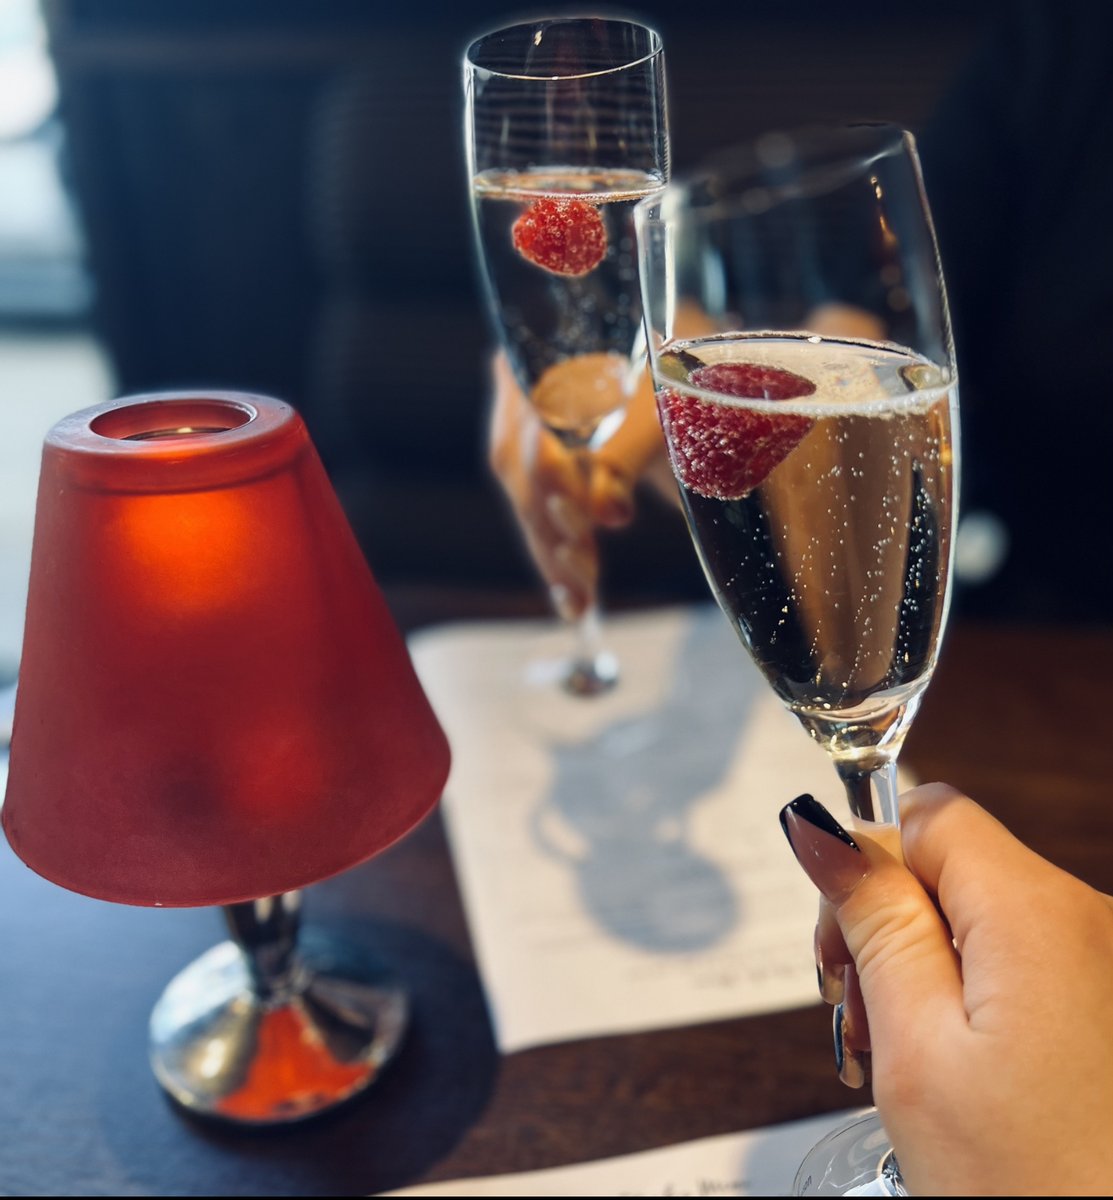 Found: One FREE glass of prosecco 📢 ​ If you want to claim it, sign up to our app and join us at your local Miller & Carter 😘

——

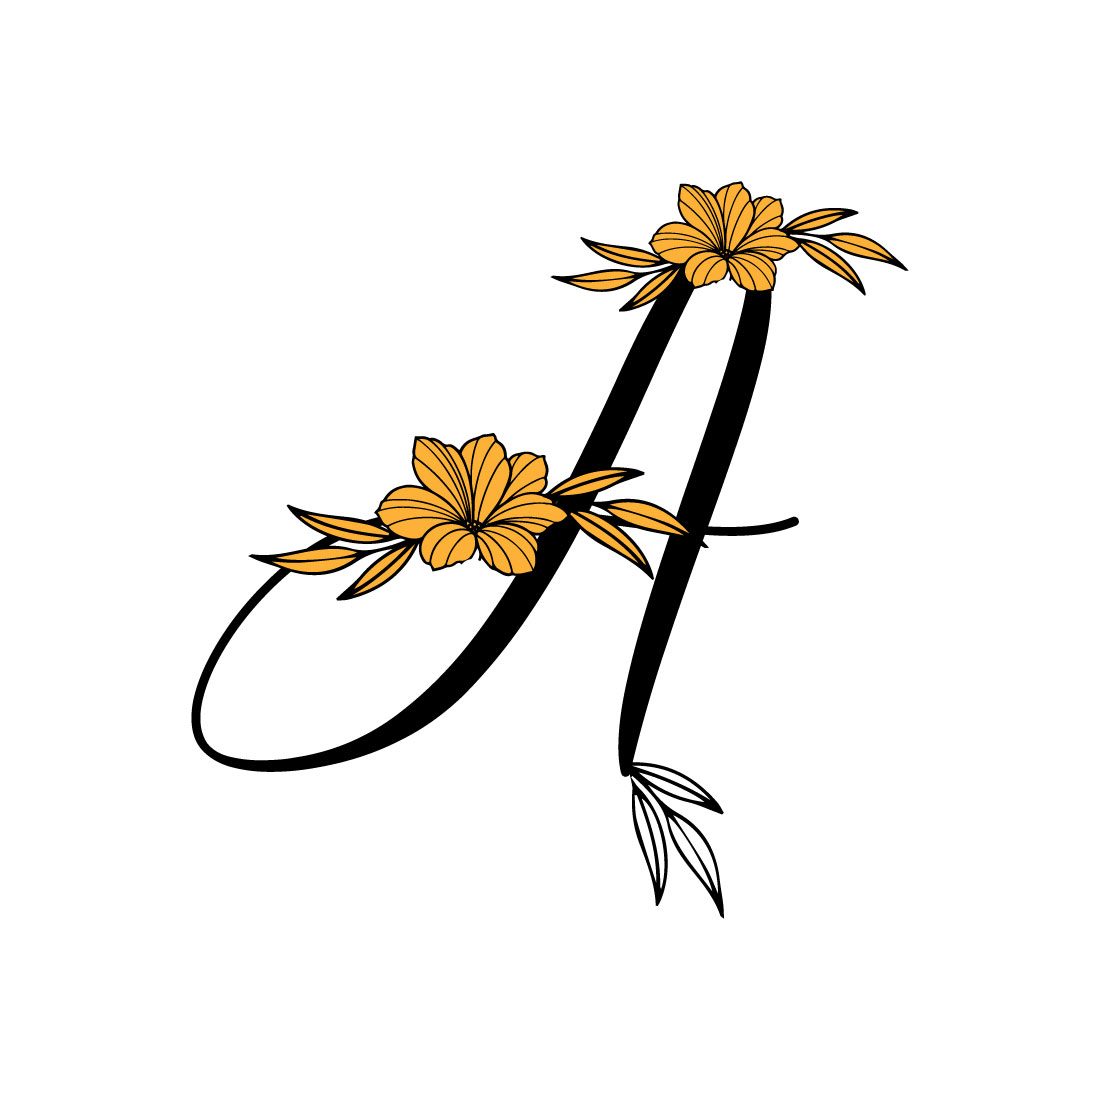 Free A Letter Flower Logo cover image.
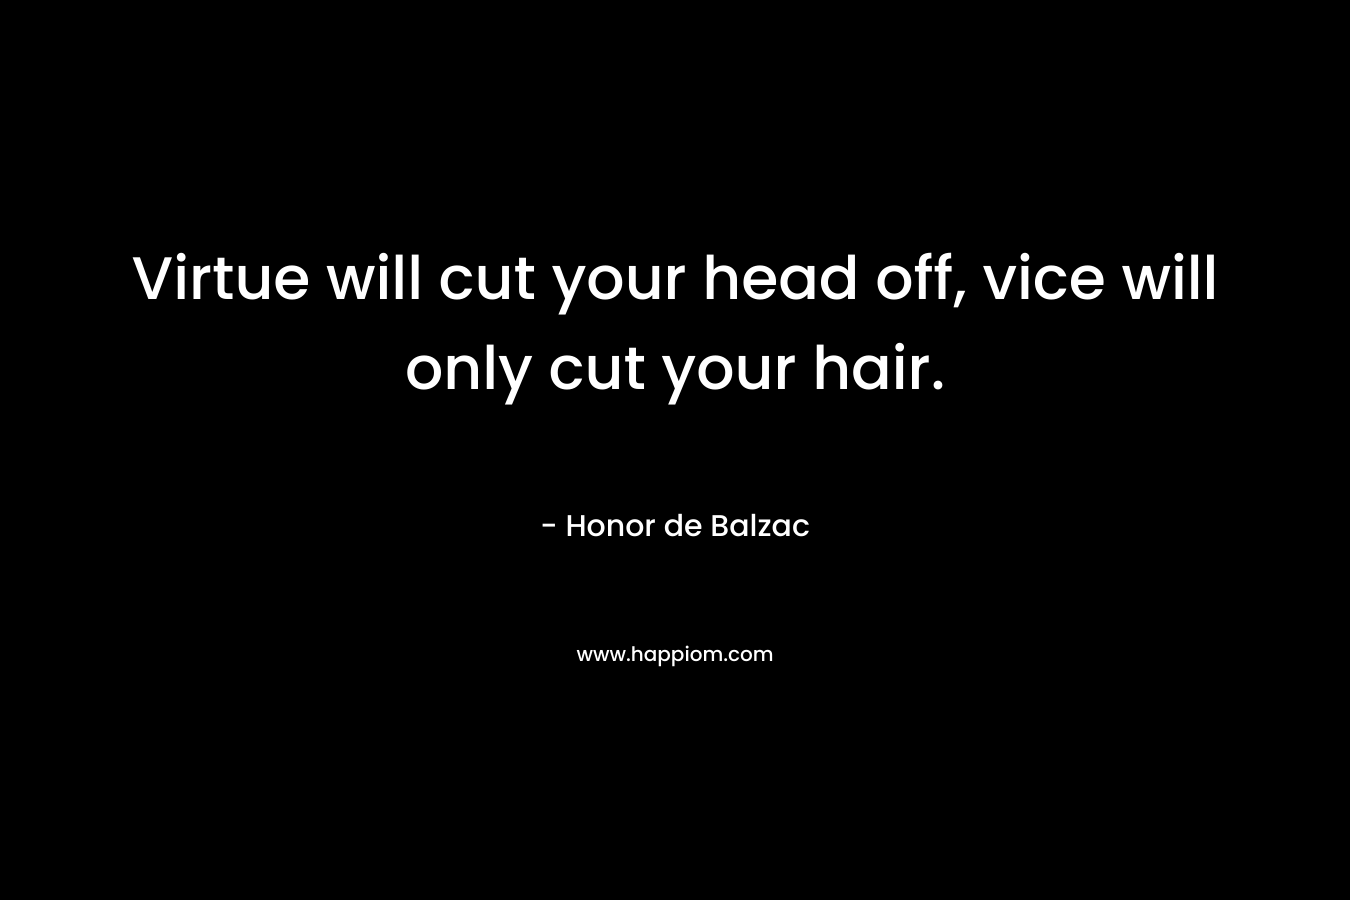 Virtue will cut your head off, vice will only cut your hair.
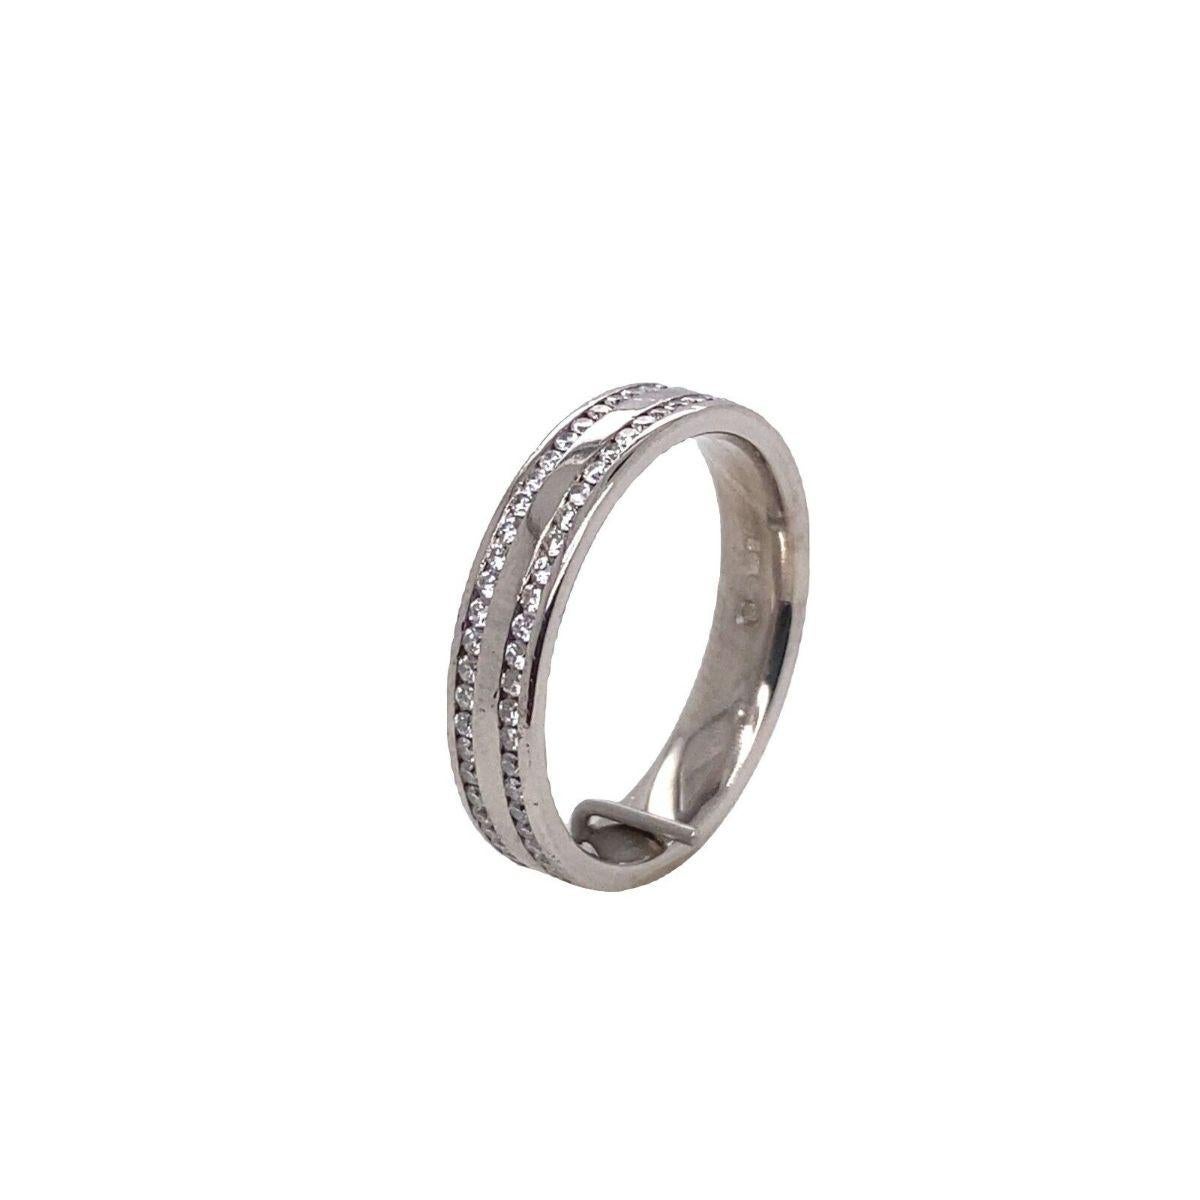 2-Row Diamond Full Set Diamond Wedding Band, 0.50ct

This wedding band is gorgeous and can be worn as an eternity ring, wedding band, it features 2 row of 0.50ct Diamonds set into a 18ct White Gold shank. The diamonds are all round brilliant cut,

——

ASSIGNMENT –
With the pictures omitted, restate word for word the lines above from the line that has "Virtue will cut" up to and including the line that has "This wedding band", and no other lines.

RESULT OF THE TASK –
 Virtue will cut your head off, vice will only cut your hair.
 2-Row Diamond Full Set Diamond Wedding Band, 0.50ct

This wedding band is gorgeous and can be worn as an eternity ring, wedding band, it features 2 row of 0.50ct Diamonds set into a 18ct White Gold shank. The diamonds are all round brilliant cut,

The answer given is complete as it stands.